Maps are indispensable to planning and traveling. Map making has great utility. The inability to understand or make use of maps is a handicap to understanding the world.

The earliest maps used naturally occurring phenomena—celestial and terrestrial—to identify features. If we look at the sky on a starry night we can use the “pointers” of the Big Dipper to locate Polaris, the pole star. Although both dippers move, they rotate around Polaris which appears fixed and determines north. From this “fixed” star we orient ourselves to the points of the compass. More comprehensive maps of the heavens include the popular constellations of the Zodiac, lesser known constellations and other celestial features. The more celestial features we know, the better oriented we become to a starry night.

Terrestrial markers also serve to orient. A lake, a river, or a mountain may be used to anchor locations. Celestial and terrestrial maps have been used for centuries and are sometimes brought into relationship with one another. Today’s roadmaps are but a current update of the state of knowledge in local geography. A map is an analogy, an idea that pictures an abstraction. While the map may initially seem superficial, incomplete, or even inaccurate, it still serves a purpose. The map shows the current status of what is known about a domain.

Maps by their very nature, invite improvement. Every edition of a map calls attention to its accuracy and inaccuracy. Each new edition incorporates changes from a previous one resulting in a new and more accurate version.
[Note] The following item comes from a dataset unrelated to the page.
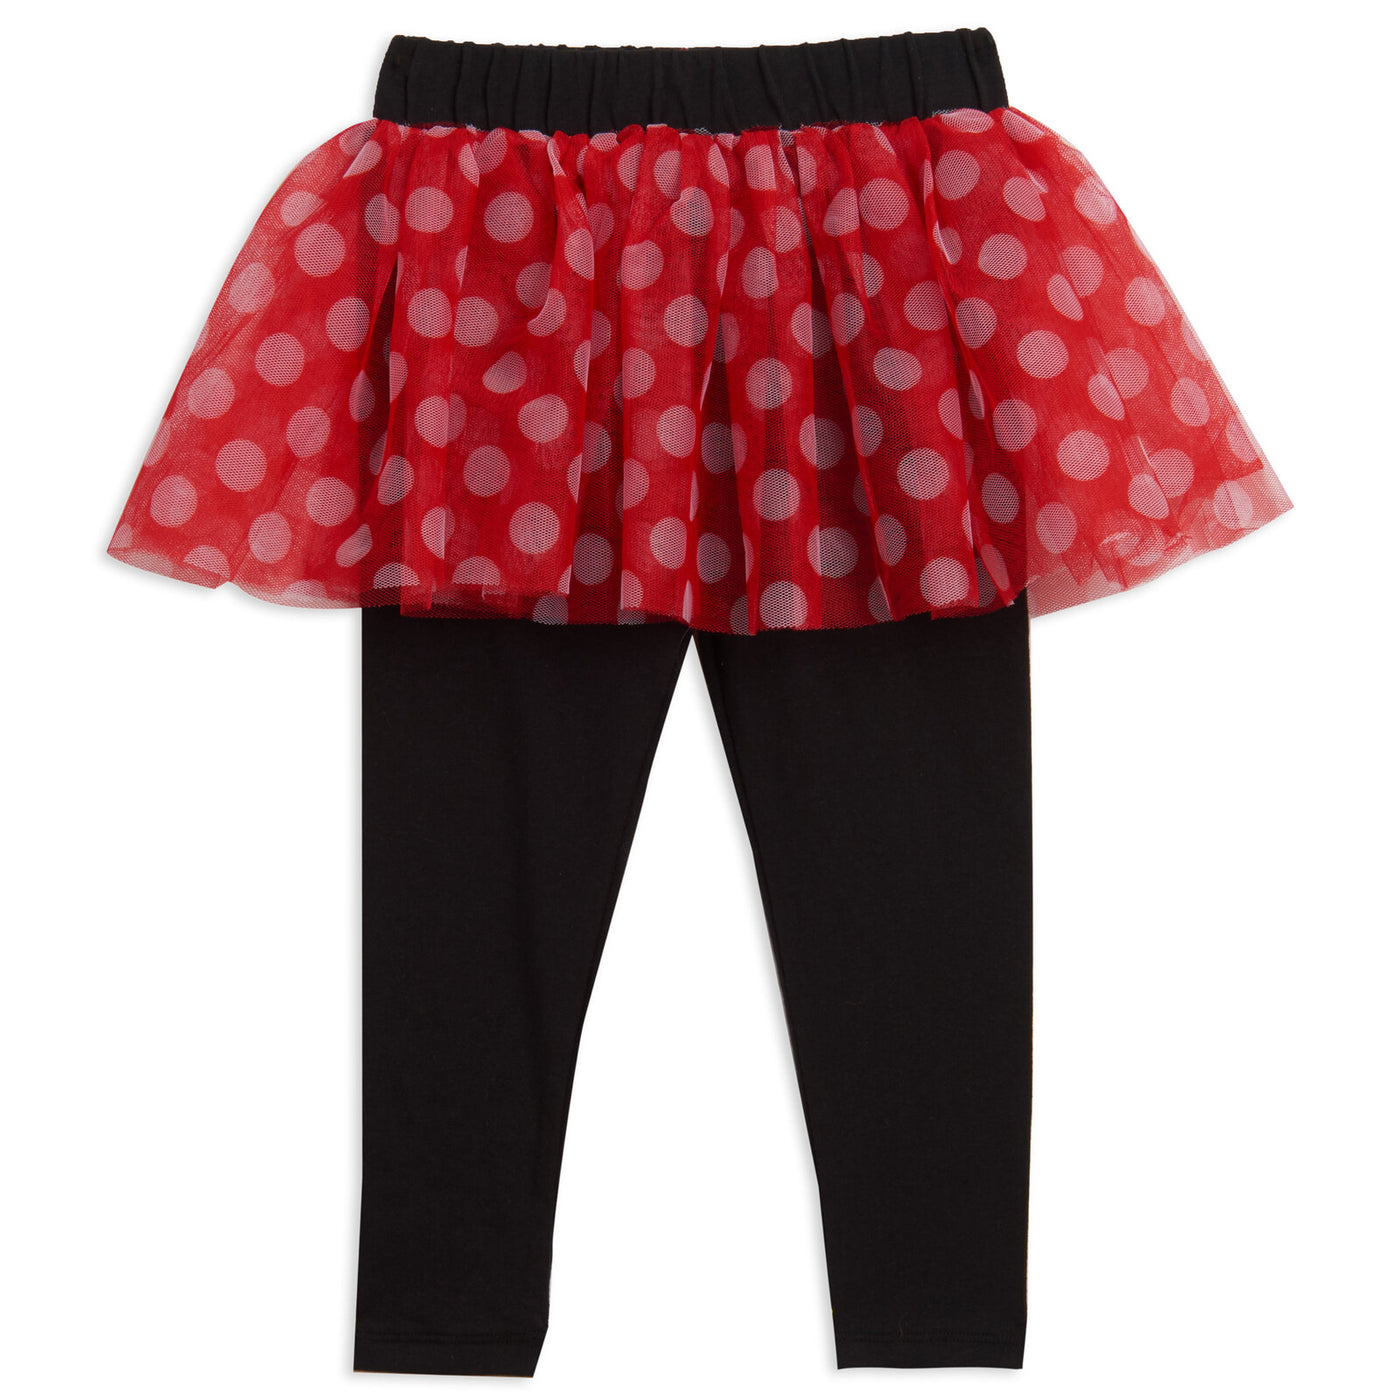 Minnie Mouse T-Shirt Leggings and Headband 3 Piece Outfit Set

Consider a map with the lines of longitude and latitude. This illustrates the benefits of superimposing an abstraction upon the natural contours of land and sea. Abstractions enhance maps by expediting generalization.

Natural reference points also explain by serving as markers to ground our observations. The more natural reference points we can employ, the fewer the resulting errors. The wider apart the natural markers, the greater the possibility of error. Brown (1949) provides a comprehensive history of map building with numerous illustrations that record how maps have become increasingly more accurate. Wilford (1981) has produced a similar, but more recent history. Edward Tufte’s recent publications (1997, 1983) offer a panorama of useful visual strategies together with his critique of how visual displays can facilitate the interpretation of data or mislead.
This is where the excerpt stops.